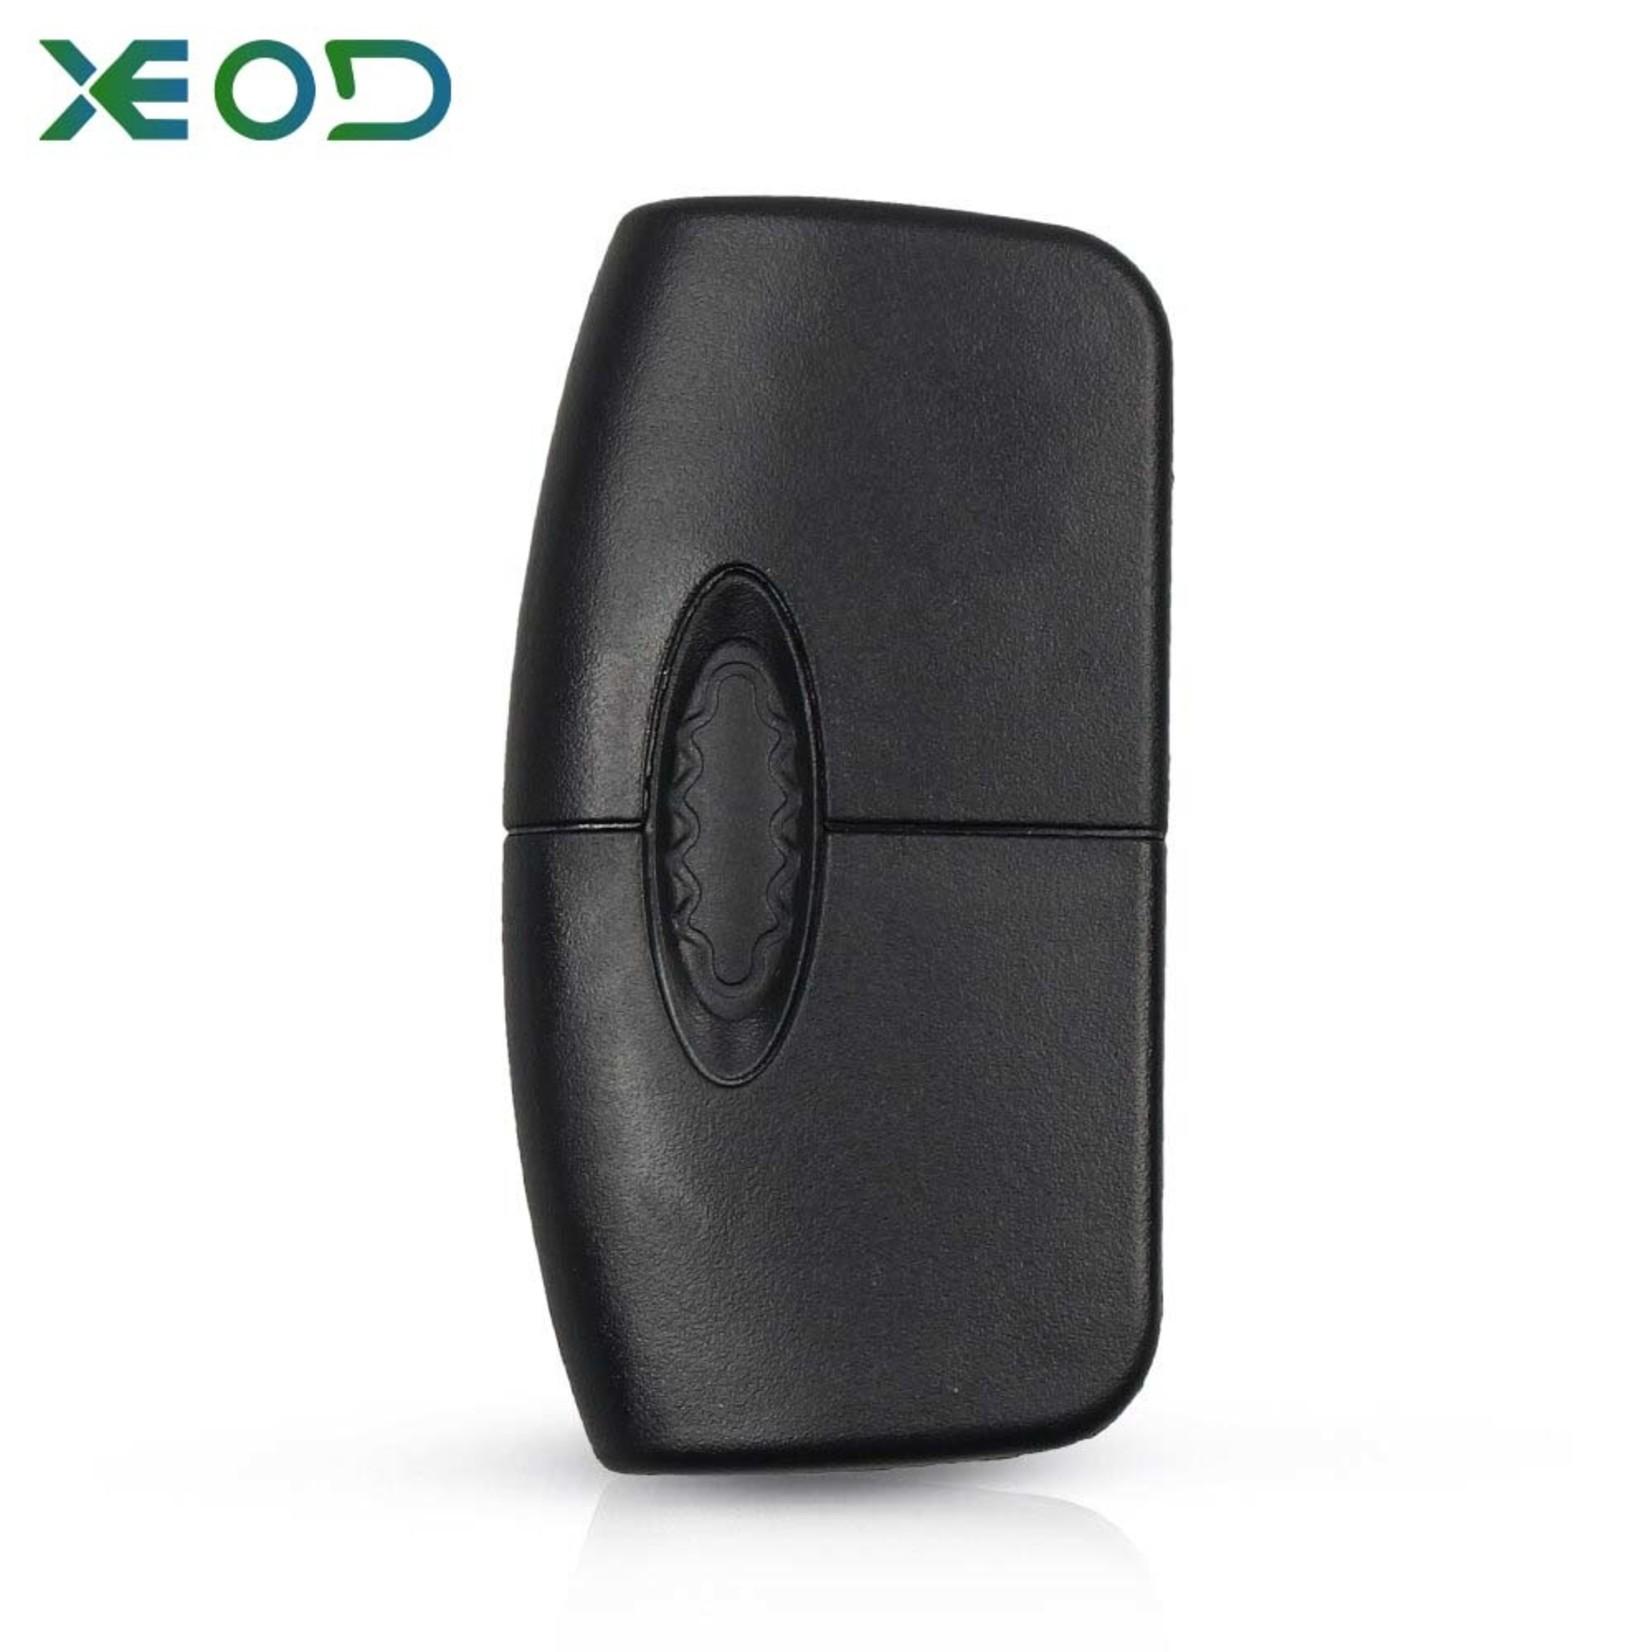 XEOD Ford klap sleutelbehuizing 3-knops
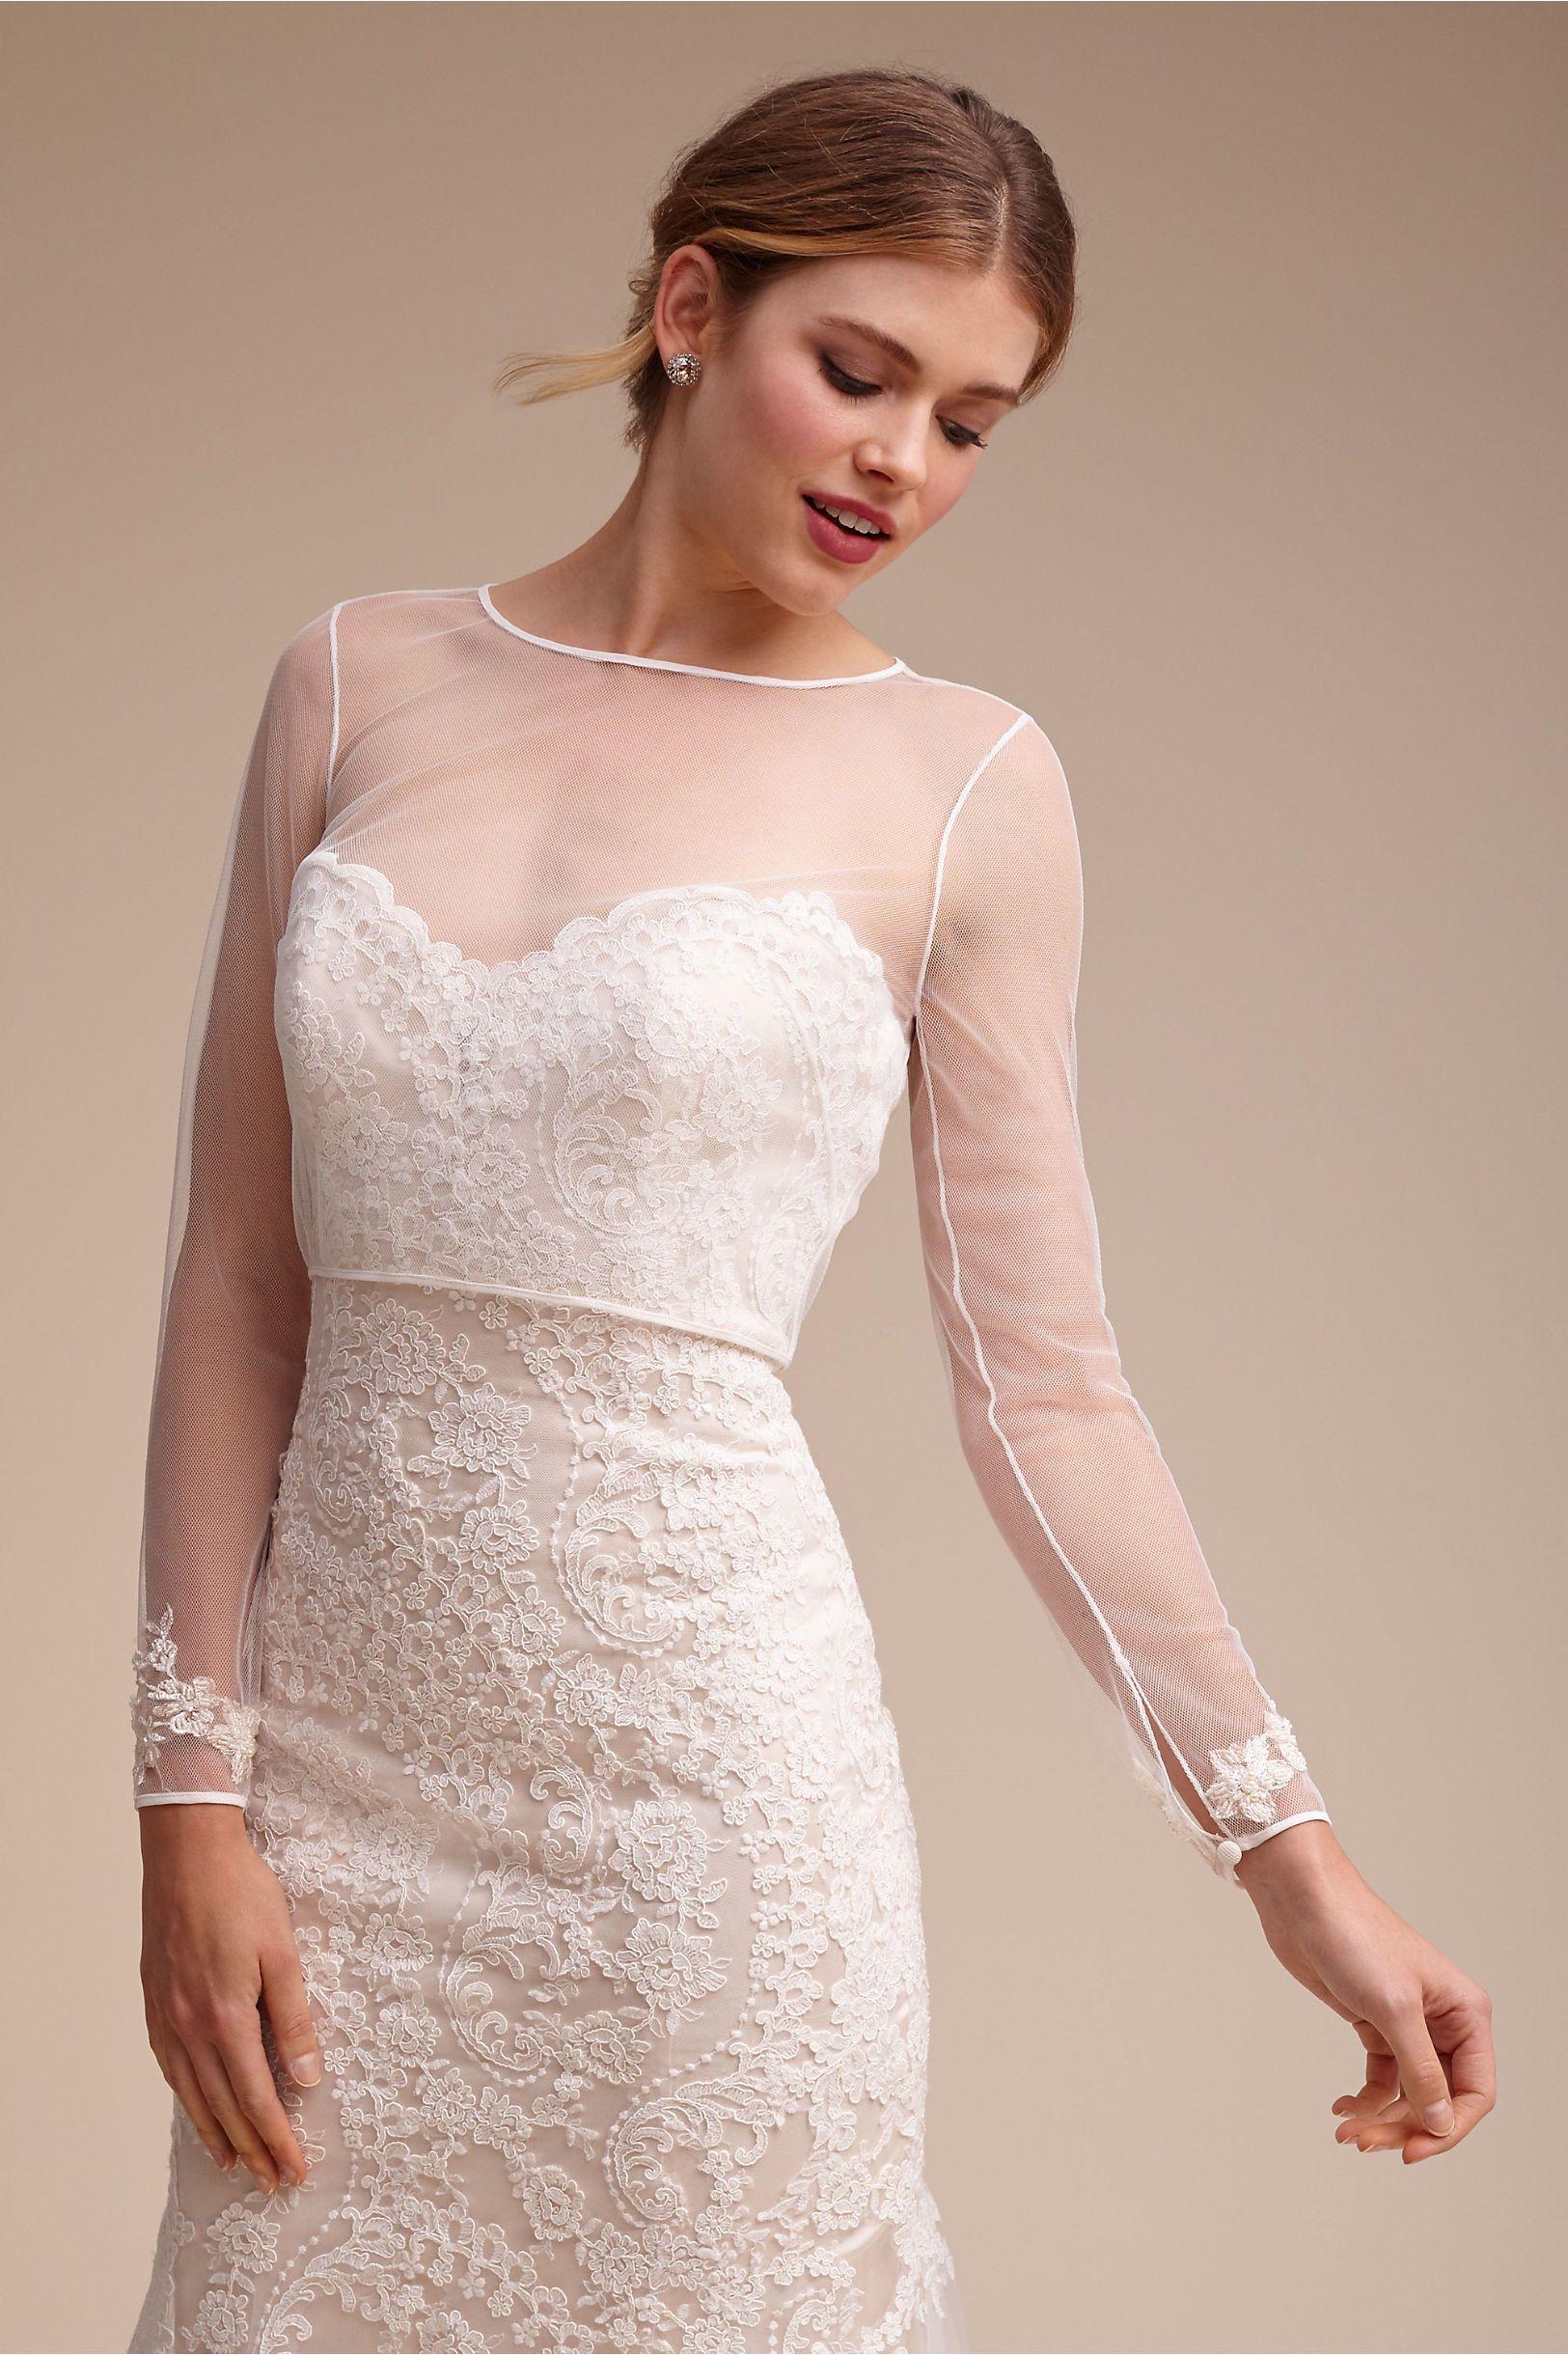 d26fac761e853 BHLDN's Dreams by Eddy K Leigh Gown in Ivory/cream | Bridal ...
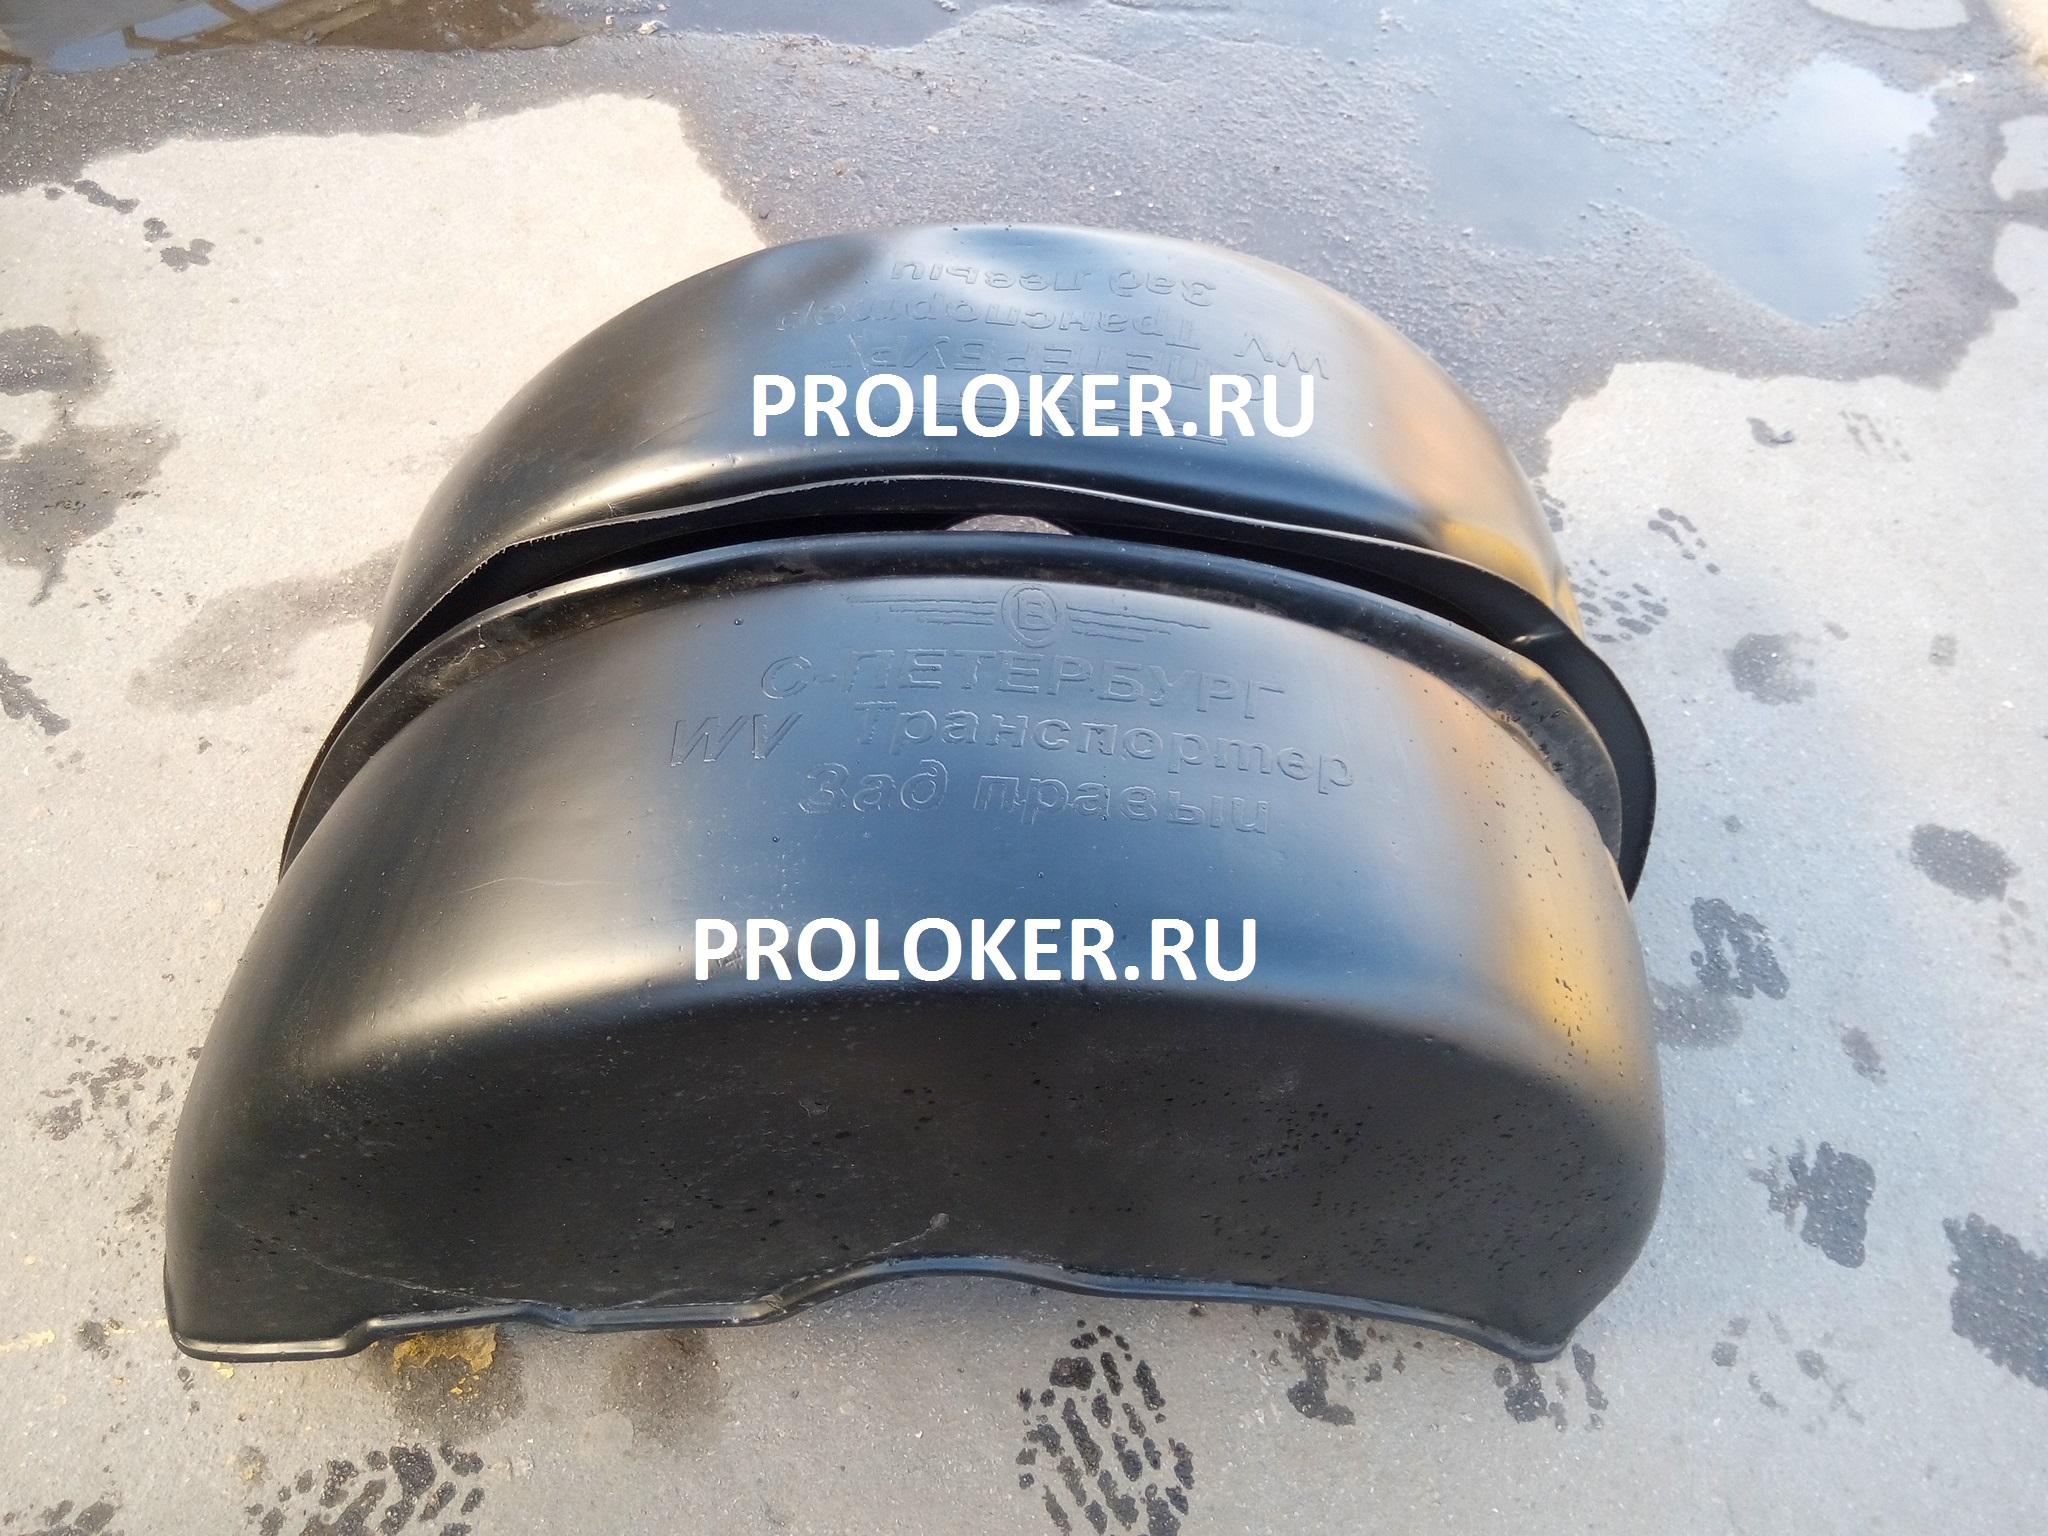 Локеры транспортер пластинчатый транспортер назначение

-------------------------

PROBLEM STATEMENT
Repeat the material exactly and drop each image.

EXERCISE ANSWER
 XEOD Ford klap sleutelbehuizing 3-knops
 d26fac761e853 BHLDN's Dreams by Eddy K Leigh Gown in Ivory/cream | Bridal ...
 Локеры транспортер пластинчатый транспортер назначение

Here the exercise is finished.